Justement, depuis la signature d’un accord entre la direction de Total et la CFDT et la CFE-CGC, majoritaires à eux deux, comment poursuivre la lutte et obtenir gain de cause ?
Cet accord a été vécu comme un coup de poignard dans le dos par l’ensemble des grévistes et même au-delà. Après, ce ne sont ni la CGT, ni la CFDT, ni la CFE-CGC qui font la grève, ce sont les grévistes. C’est ce qu’on a tenté de dire à la négociation : le but n’est pas de convaincre les syndicats, mais de convaincre les grévistes.
Cette mobilisation interprofessionnelle montre que nous sommes dans un moment explosif socialement.
Tout l’enjeu est de maintenir la pression avec la mobilisation interprofessionnelle [l’entretien a été réalisé en amont de la mobilisation de ce 18 octobre, NDLR], qui nous donne un cap à tenir. Parce qu’aujourd’hui, ce que nous défendons, c’est l’indexation des salaires sur l’inflation.
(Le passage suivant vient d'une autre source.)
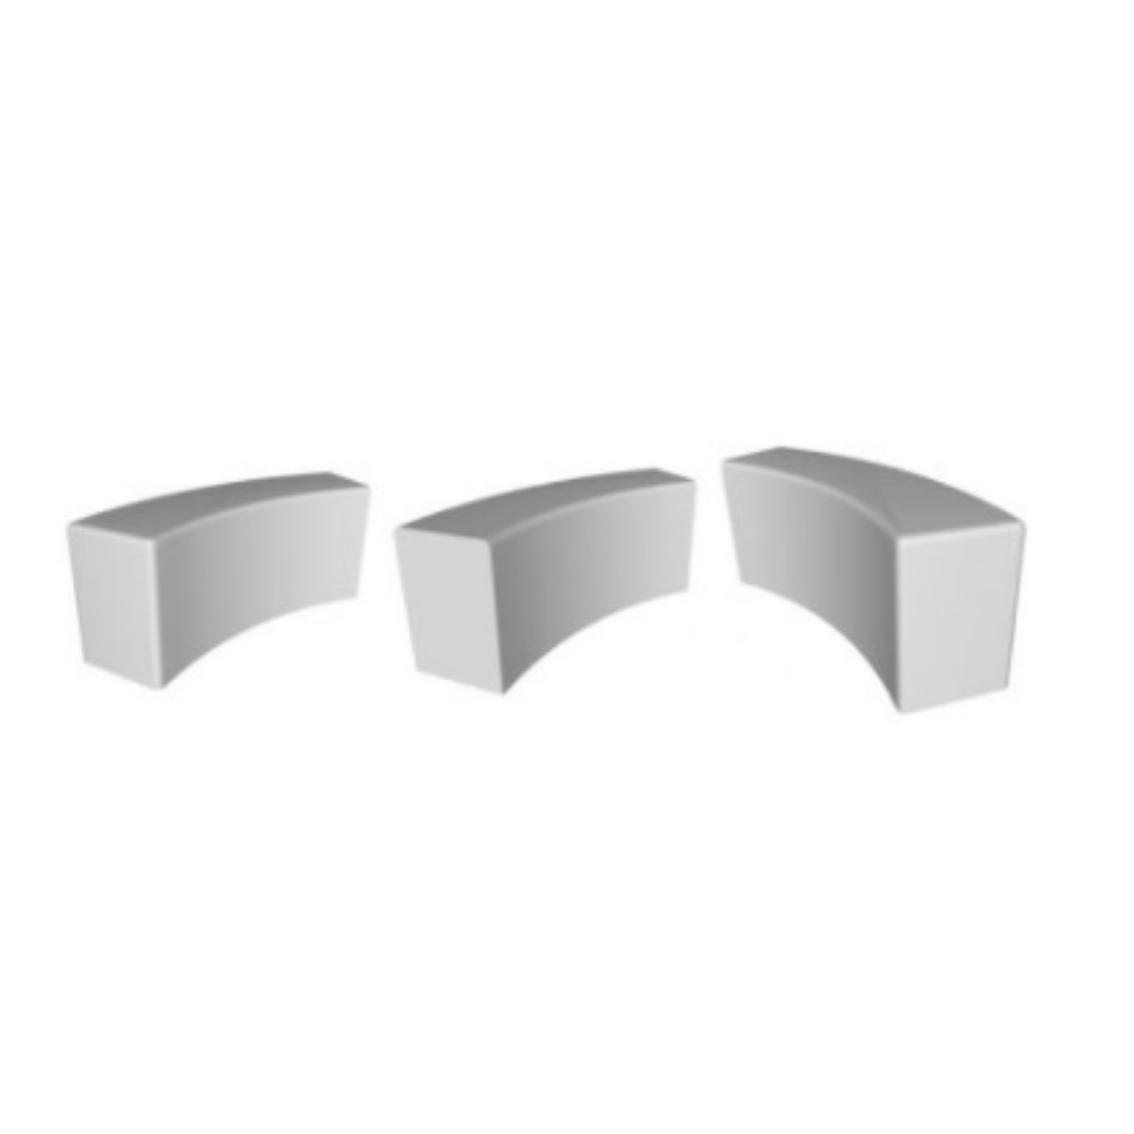 Pendlebury Modular Curved Concrete Bench

Il n’y a pas que les salariés de Total et d’Exxon Mobil qui subissent l’inflation. Nous avons une économie qui est florissante, est-ce qu’on ne peut pas prendre une partie de cette richesse-là pour alimenter les salaires ? C’est le mot d’ordre pour lequel il faut se battre.
Le fait d’avoir créé cette mobilisation interprofessionnelle avec ce mot d’ordre-là, est-ce que ce n’est pas déjà une forme de victoire ?
On a réussi à bousculer l’agenda patronal et l’agenda gouvernemental. Et rien que ça, pour nous, c’est une forme de victoire. Il ne devait rien se passer en septembre et en octobre. Cette mobilisation interprofessionnelle montre que nous sommes dans un moment explosif socialement. On a instauré un tel rapport de force que, pour y répondre, le gouvernement réquisitionnent des salariés pour casser la grève. Cela montre un état de panique dans la classe dominante. Nous voulons appuyer là-dessus.